-- Task --
For the material below, the expected output is exactly the lines between the line holding "Ulysse Nardin Watch" and the line holding "Cat Anatomy Diagram", inclusive, with pictures left out.

-- Provided records --
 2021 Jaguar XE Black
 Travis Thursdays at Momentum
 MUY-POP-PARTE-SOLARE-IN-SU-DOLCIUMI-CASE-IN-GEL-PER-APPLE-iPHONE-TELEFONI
...
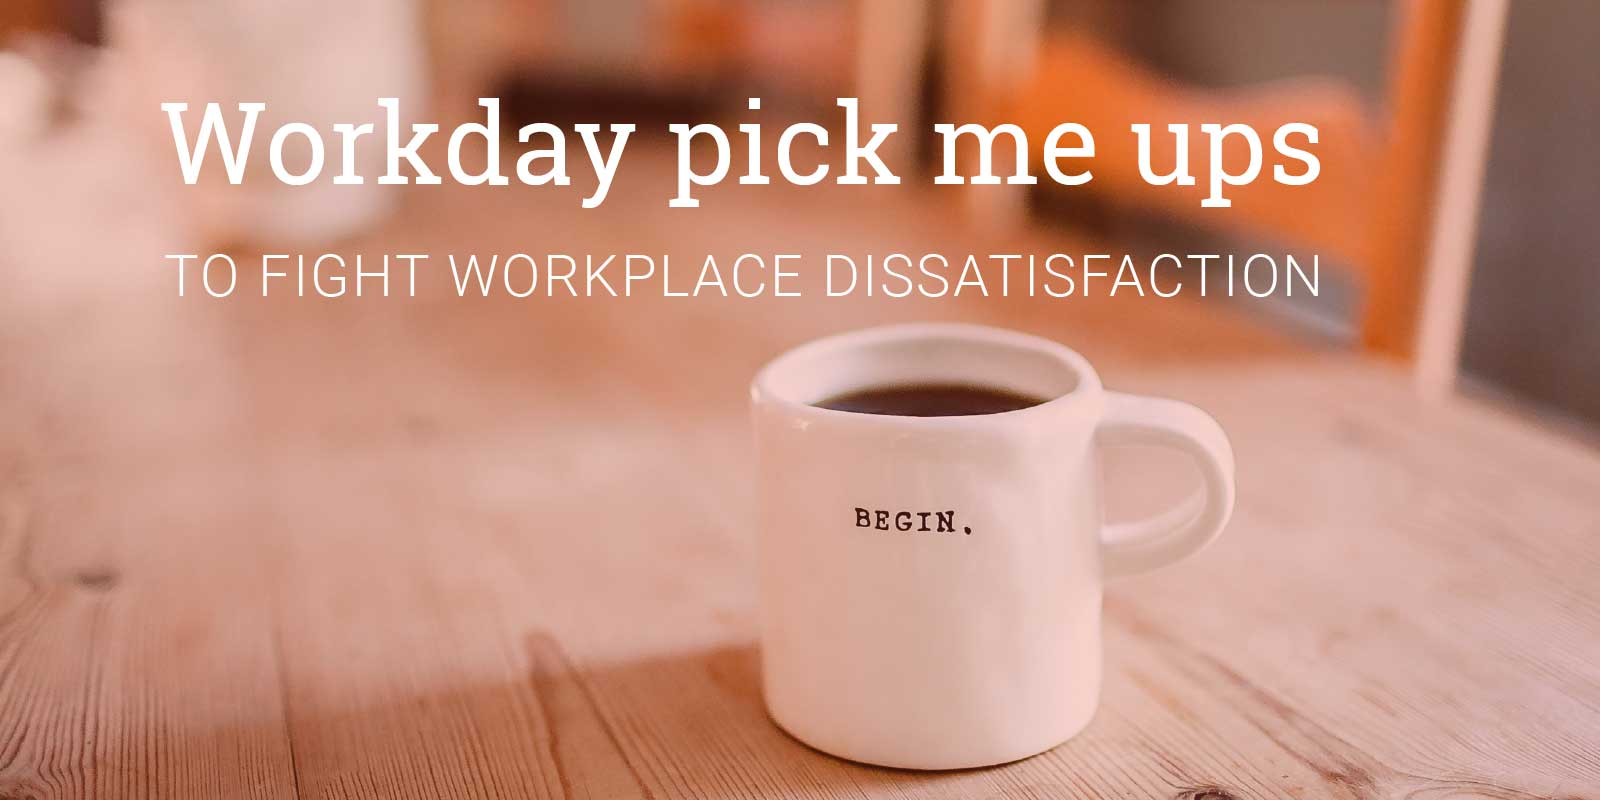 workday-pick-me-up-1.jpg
==
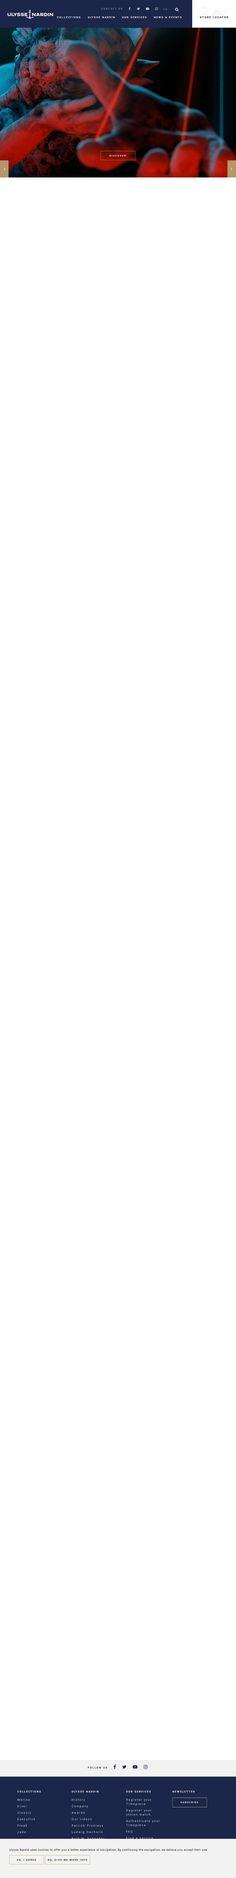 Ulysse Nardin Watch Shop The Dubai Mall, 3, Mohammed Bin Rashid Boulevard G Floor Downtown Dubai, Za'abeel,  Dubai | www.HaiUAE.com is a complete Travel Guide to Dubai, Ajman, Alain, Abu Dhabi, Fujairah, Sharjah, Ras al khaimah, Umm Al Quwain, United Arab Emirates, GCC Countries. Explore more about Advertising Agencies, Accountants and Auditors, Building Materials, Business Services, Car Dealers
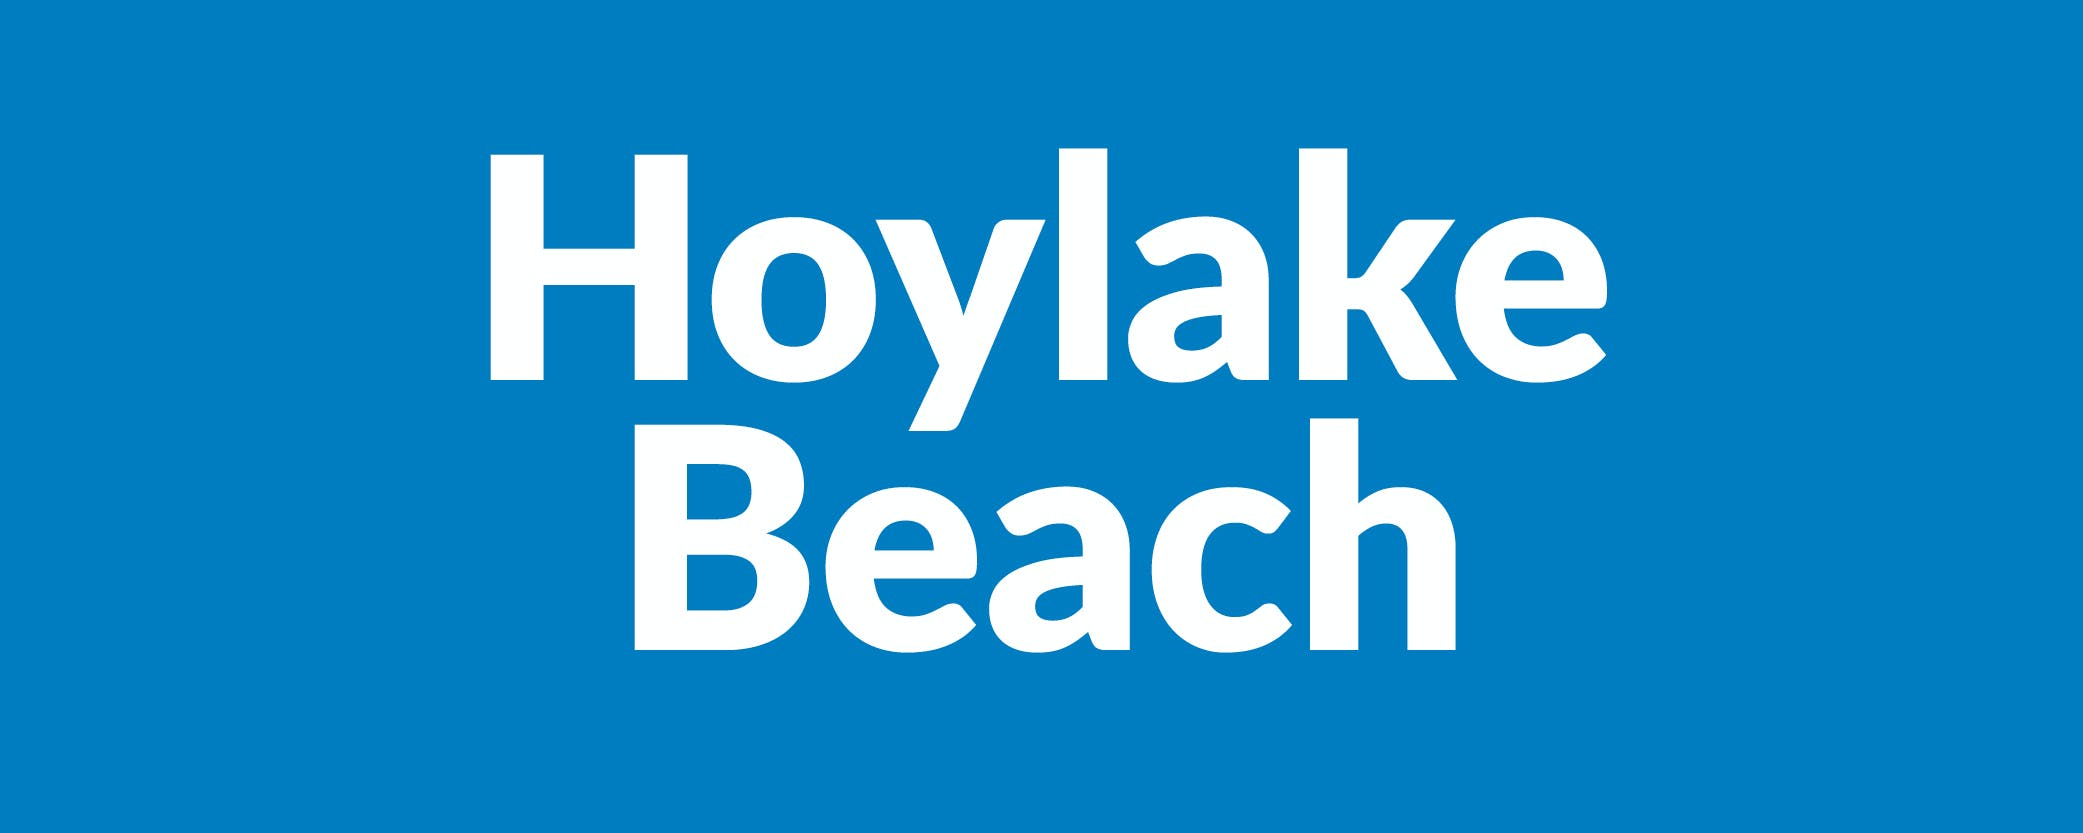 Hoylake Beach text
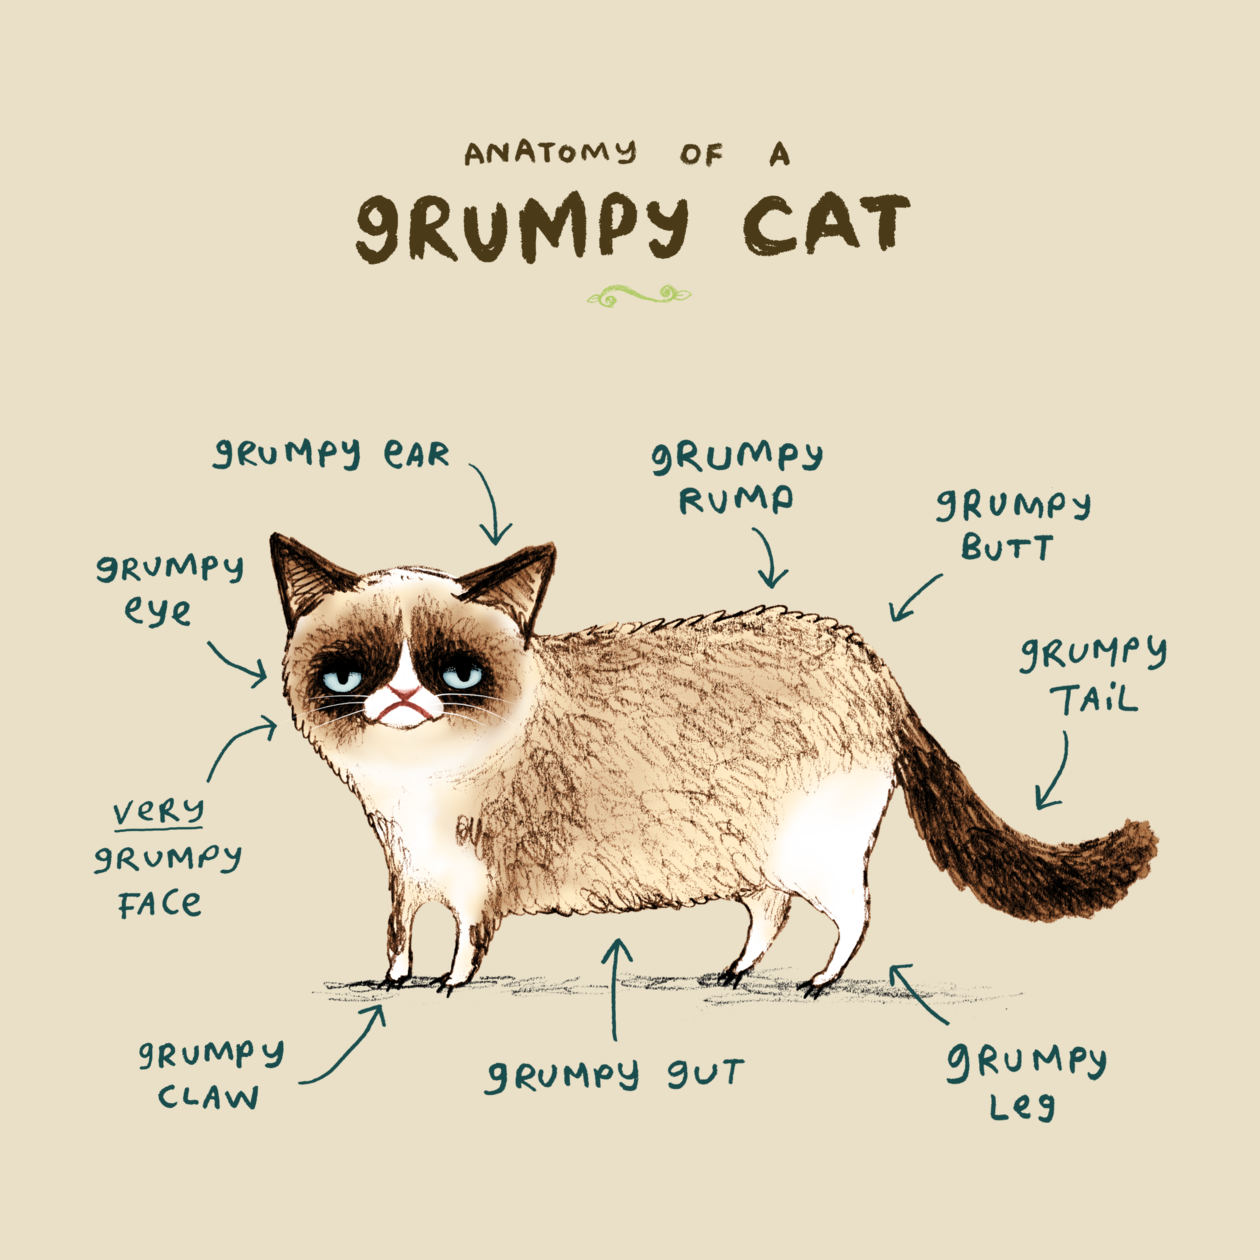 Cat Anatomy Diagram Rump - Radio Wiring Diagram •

-- Exercise result --
 Ulysse Nardin Watch Shop The Dubai Mall, 3, Mohammed Bin Rashid Boulevard G Floor Downtown Dubai, Za'abeel,  Dubai | www.HaiUAE.com is a complete Travel Guide to Dubai, Ajman, Alain, Abu Dhabi, Fujairah, Sharjah, Ras al khaimah, Umm Al Quwain, United Arab Emirates, GCC Countries. Explore more about Advertising Agencies, Accountants and Auditors, Building Materials, Business Services, Car Dealers
 Hoylake Beach text
 Cat Anatomy Diagram Rump - Radio Wiring Diagram •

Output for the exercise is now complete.